Owners corporations’ must matter in Melbourne’s budget

Owners corporations’ must matter in Melbourne’s budget
Dr Janette Corcoran

In a neighbourhood where nearly every resident lives in a high-rise apartment, the absence of any meaningful focus on owners’ corporations (OCs) in the City of Melbourne’s draft 2025–26 budget is deeply concerning.

Apartment living is a different way of living – coming with its own legal and practical complexities. Unlike standalone houses, residential strata is a highly regulated form of property ownership.

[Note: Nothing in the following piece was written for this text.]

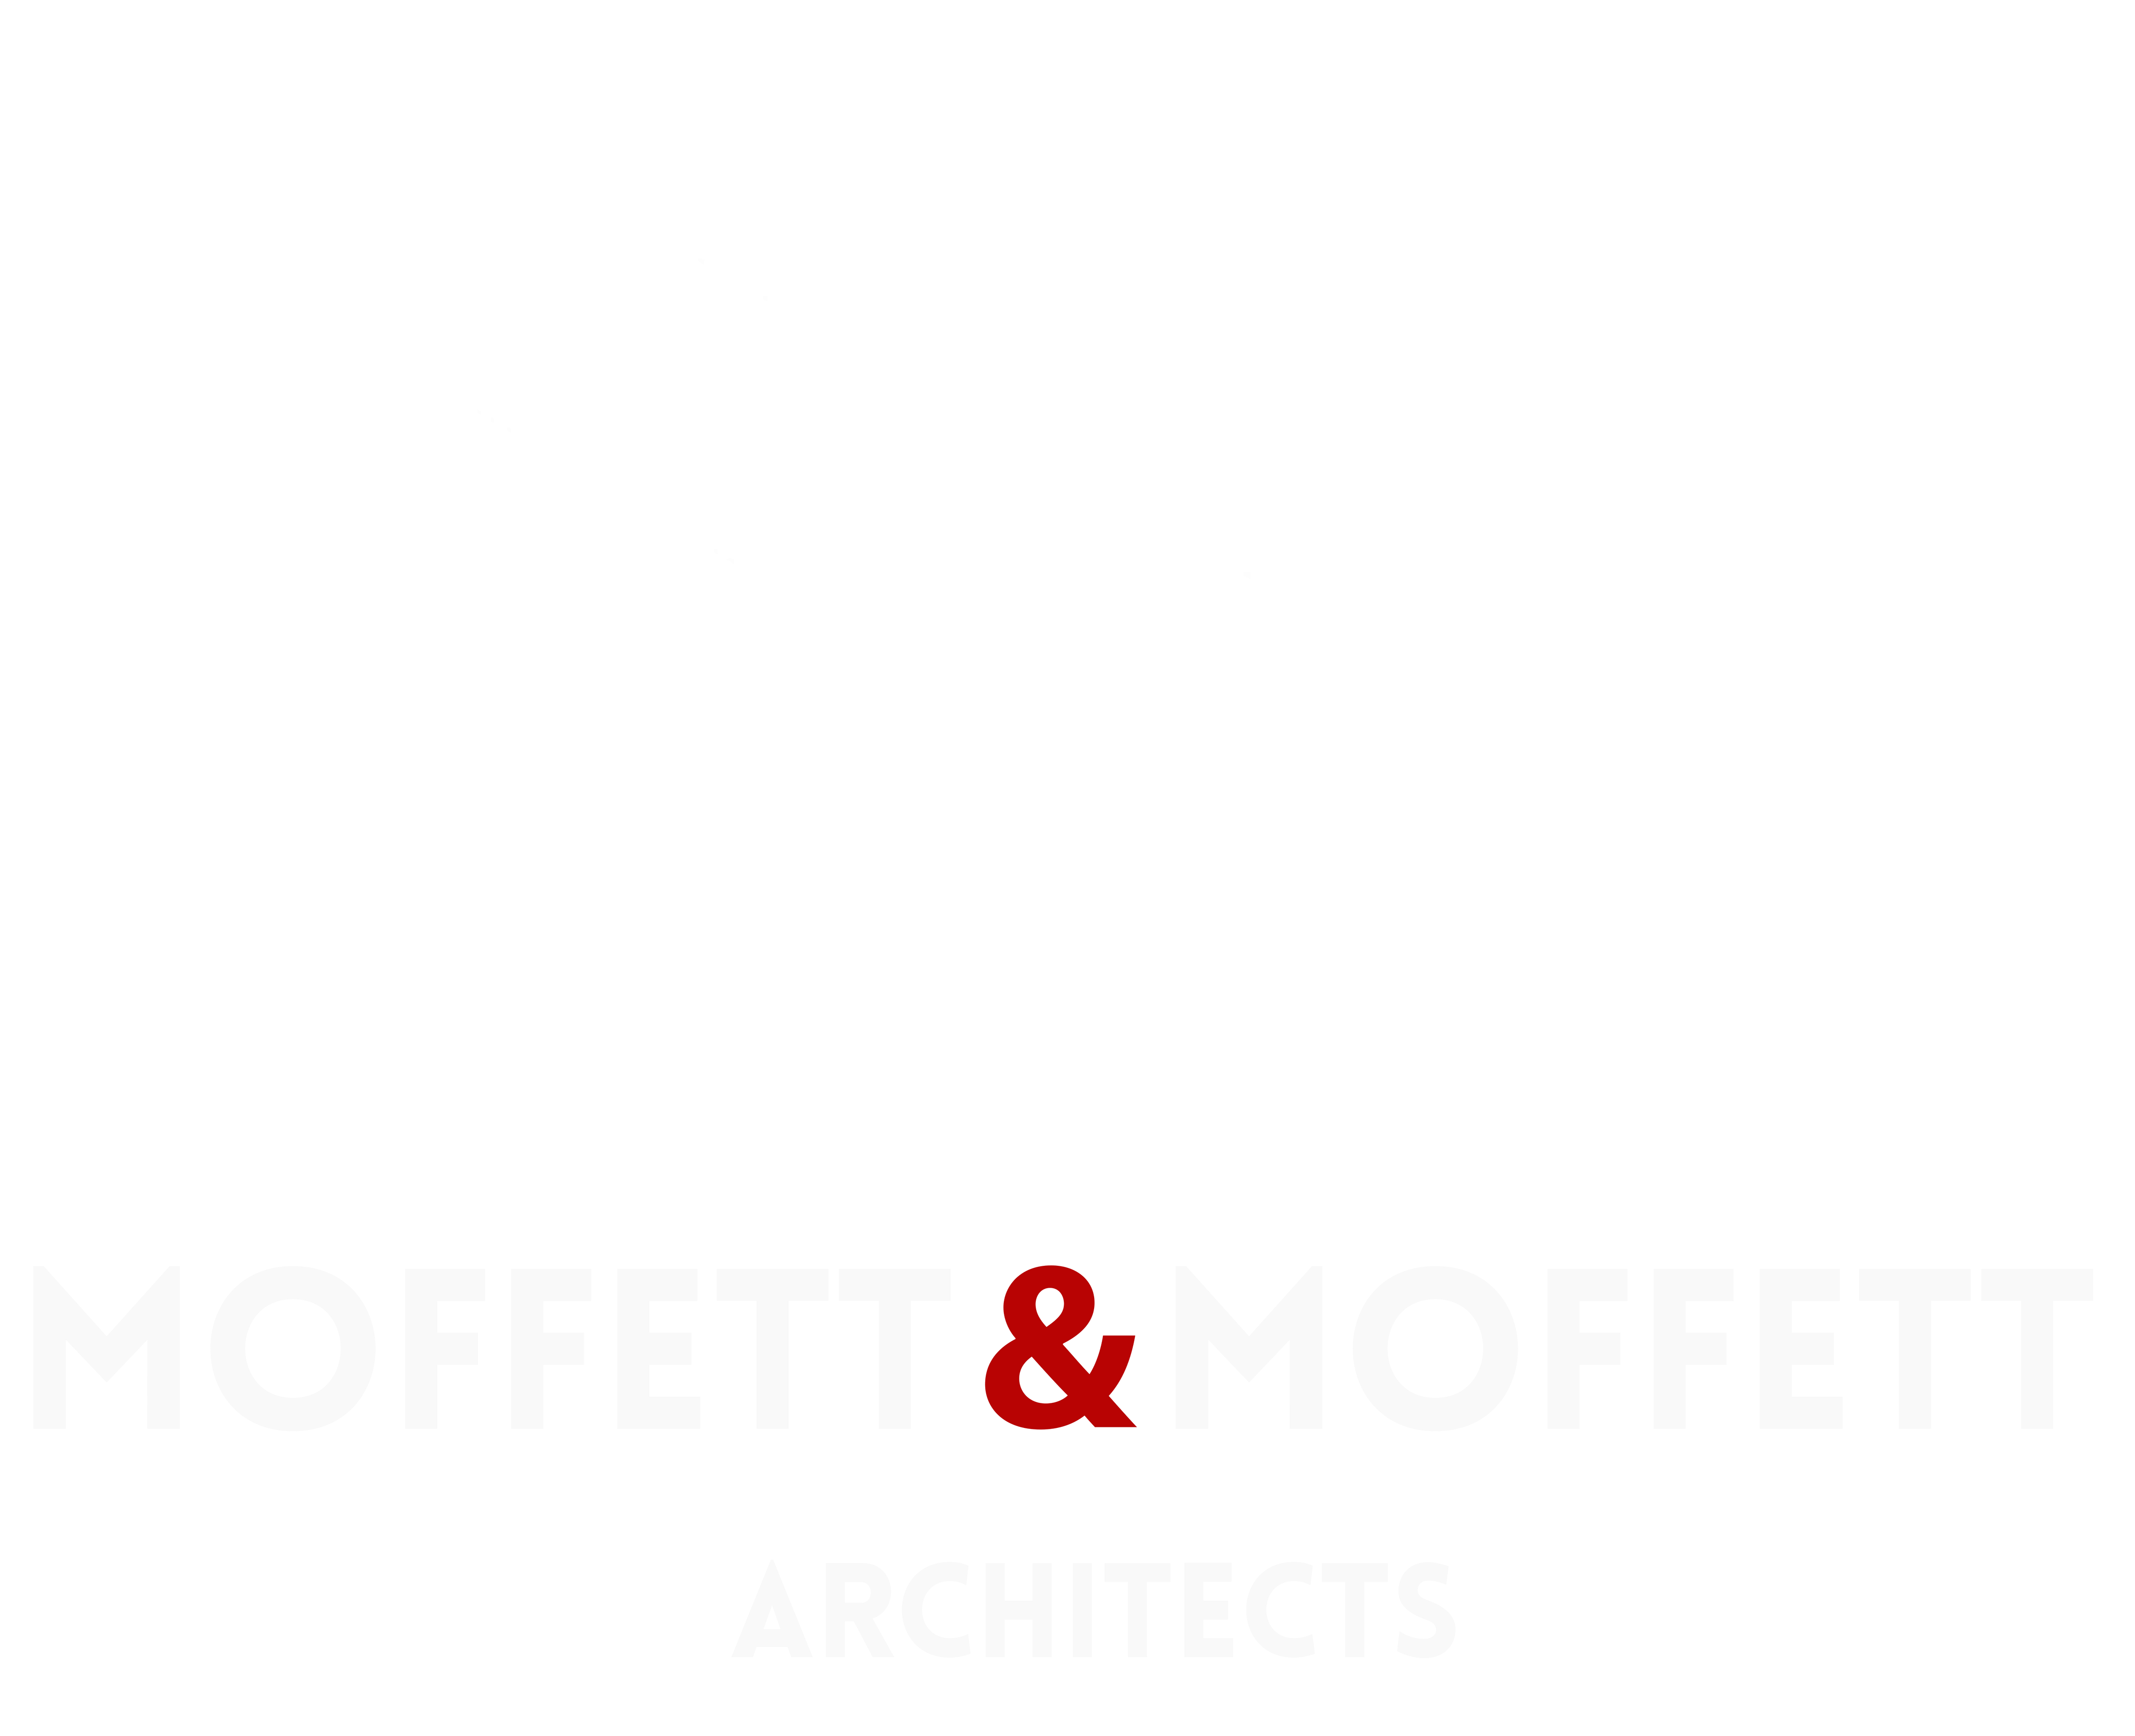 Moffett & Moffett Architects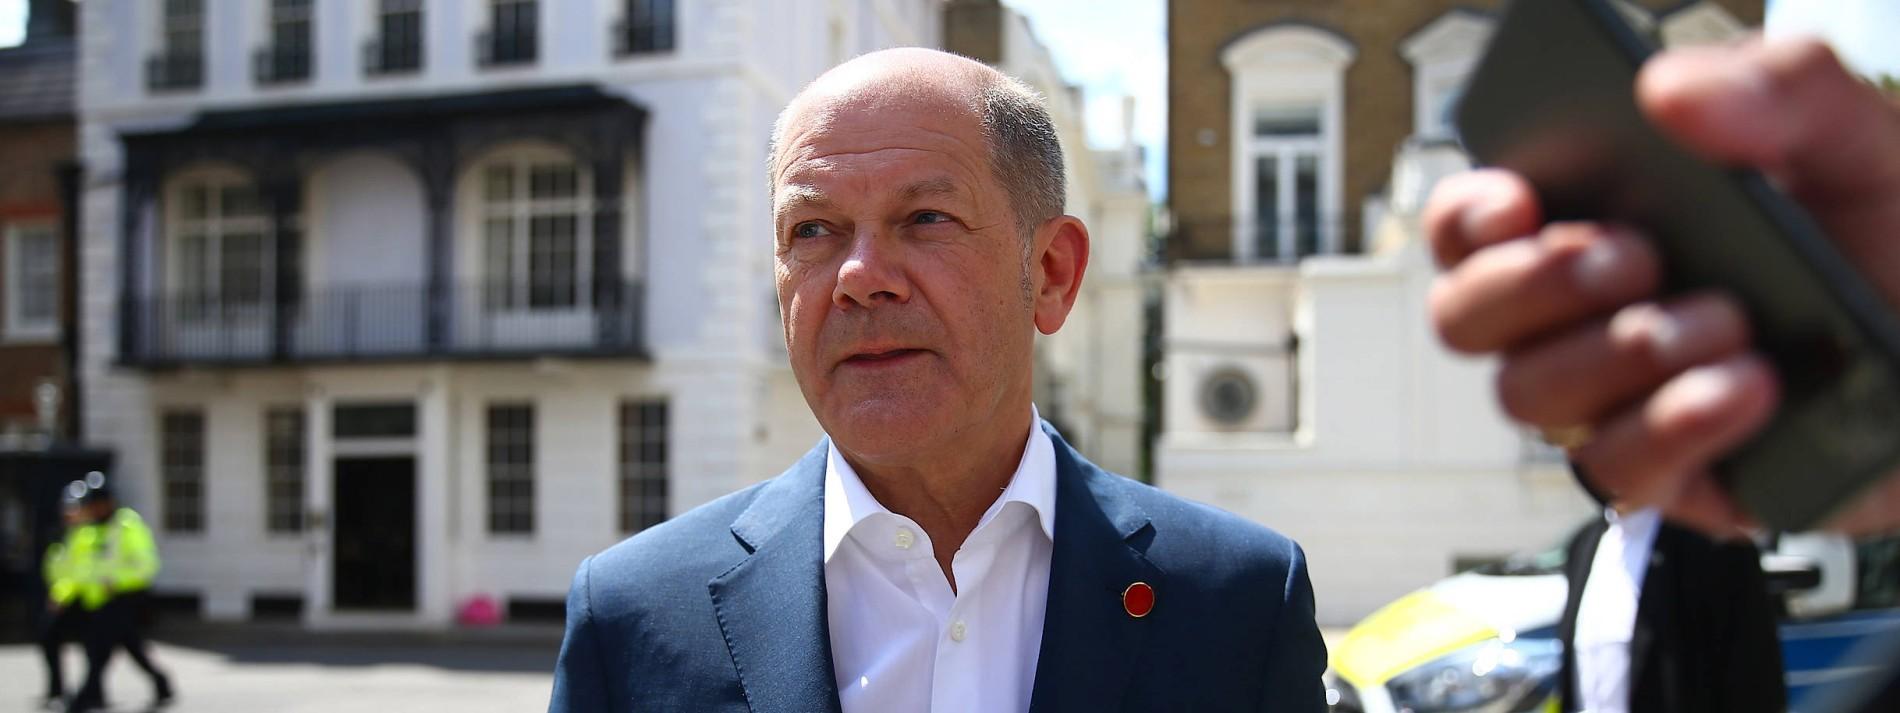 Olaf Scholz läge bei Kanzler-Direktwahl vorn

It is governed (in part) by OCs – legal entities responsible for managing common property such as lifts, fire safety systems, and shared amenities. Regulated under Victoria’s Owners Corporations Act 2006, OCs manage billions of dollars in shared infrastructure across the city. They are, in effect, one of the largest and most critical forms of property and community governance in the City of Melbourne.

Yet in more than 150 pages of the draft budget, apartment living is mentioned few times. One concerns a pilot program to help apartment residents and businesses with energy efficiency and net zero upgrades – a promising idea. However, it notably fails to acknowledge the central role of OCs, without which no building-level upgrades can be delivered. Another mention refers to converting vacant office buildings into residential apartments.

While this suggests that office-to-apartment conversions may help address some of Melbourne’s housing challenges, it overlooks the realities faced by the thousands of existing strata buildings that are already home for the majority of the city’s residents.

This oversight matters.

Retrofitting buildings for energy, addressing skyrocketing insurance costs, planning long-term maintenance, and managing waste in vertical environments all rely on collective action through OCs. Without targeted support and recognition in the budget, OCs will continue to be left to navigate these complex issues without adequate resources or guidance.

It’s well past time for the council to treat apartment living as a distinct policy area – one that demands tailored services, funding, and engagement. OCs are not administrative bureaucrats; they are the backbone of our city’s residential infrastructure.

If you live in a high-rise, now is the time to speak up. The more the council hears that residential strata – and how this operates – matter, the more likely we are to see real change in future budgets.

Let’s make sure our buildings, as high as they are, are not overlooked.